In these 10 years, RUR has conducted several workshops, seminars, awareness camps and has educated over three million people to adopt effective and environment-friendly modules of waste management. They raise awareness on issues like the importance of segregating waste, reusing, composting and recycling. RUR has also emerged as a social enterprise. It has been diverting over 650 tonnes of waste each year for recycling, thus mitigating over 70 kg carbon dioxide annually.
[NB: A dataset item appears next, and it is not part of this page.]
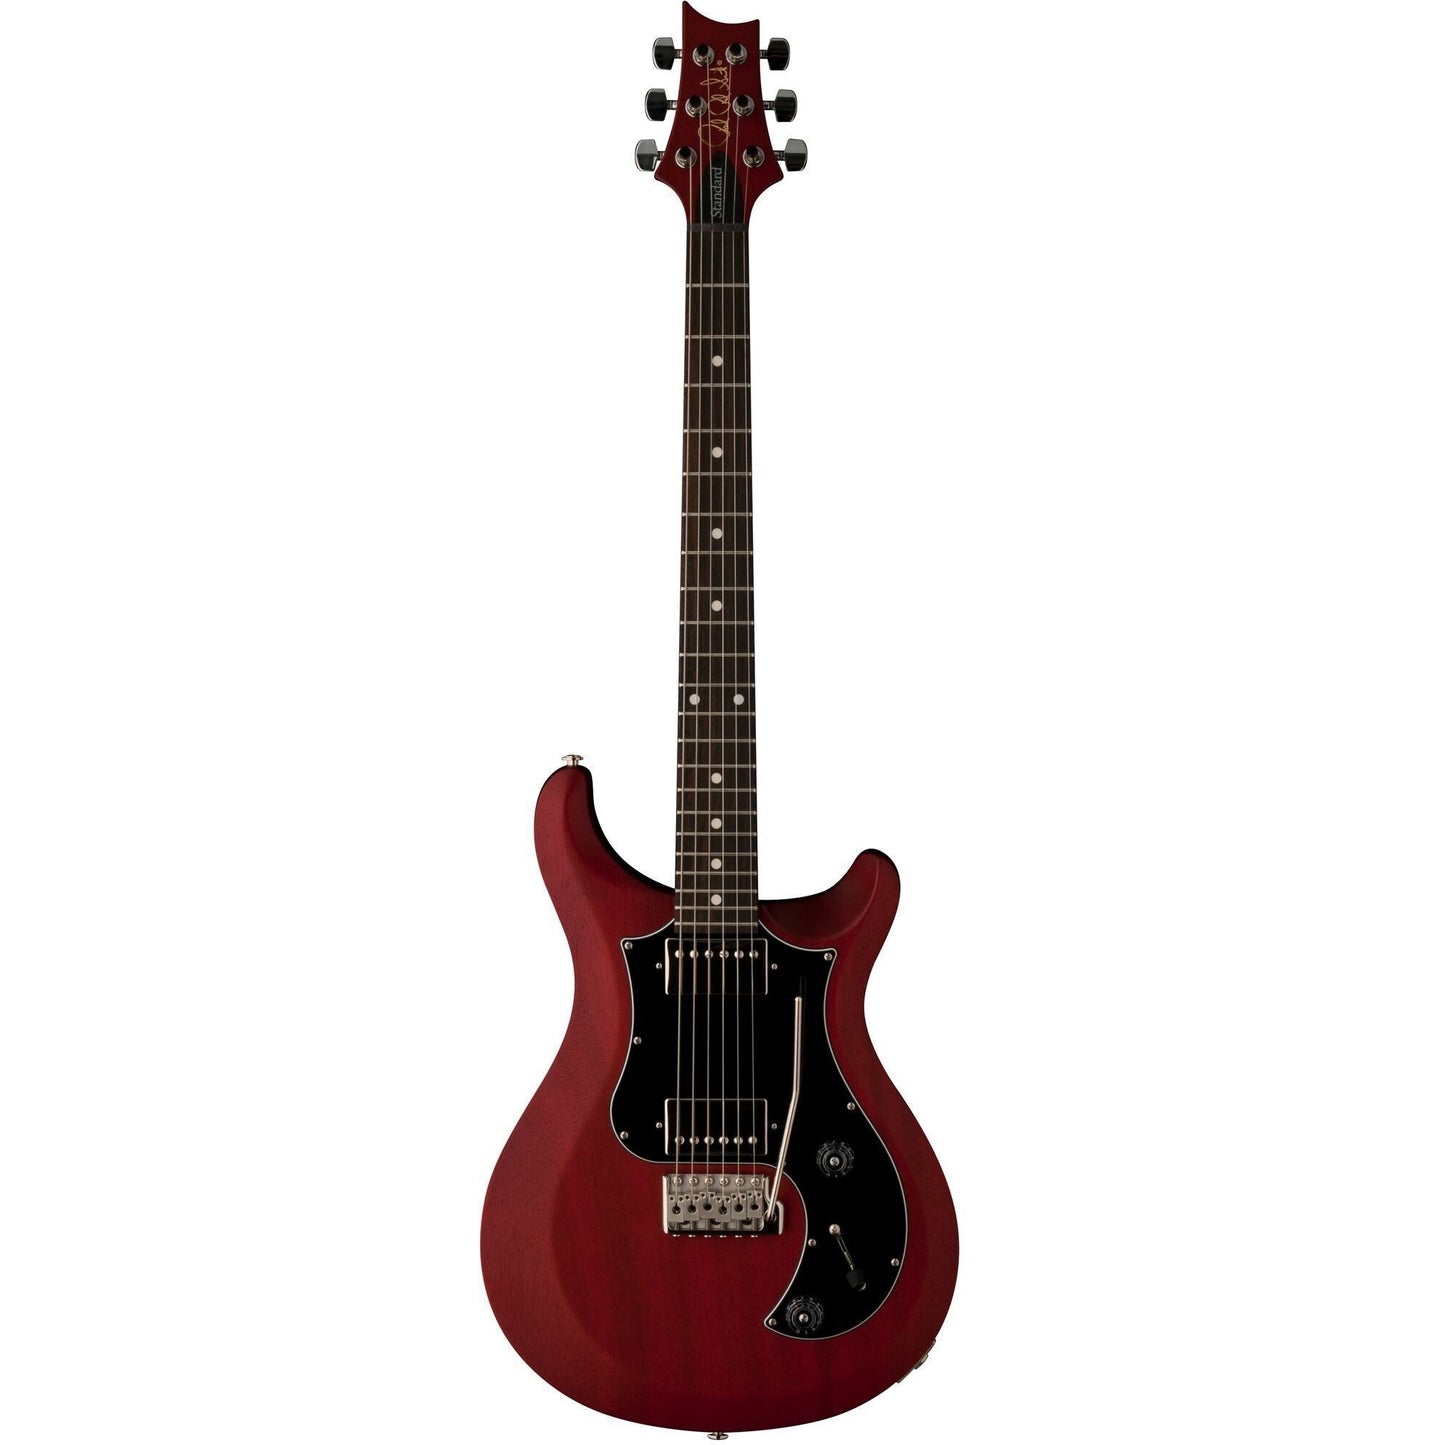 PRS Paul Reed Smith 2019 S2 Satin Standard 22 Electric Guitar (with Gig Bag), Vintage Cherry

In 2010, RUR collaborated with Tetra Pak with a vision to maximise recycling. They launched a venture “Go green with Tetra Pak” in 2012, under which they started a campaign, “Cartons le aao, classroom banao”, where used Tetra Pak cartons were recycled to make benches. They donated such 250 benches to a government school in Mumbai’s Bandra.
RUR also launched “Bin se bench tak’ campaign. Composite sheets, made of recycled cartons, are used to make garden benches. This initiative has gained a lot of momentum and the collaboration has donated about 150 plus garden benches until now.
In Mumbai, the venture currently has 44 public collection centres at stores and 180 private collection centres.
RUR is now working on a composting mechanism, which can cater to bigger housing societies. “We are also working on a compacter, which helps in ergonomic handling of non-biodegradable dry waste,” Narke says.
RUR aims to set up over 200 composting projects across the country to mitigate waste from going to landfills.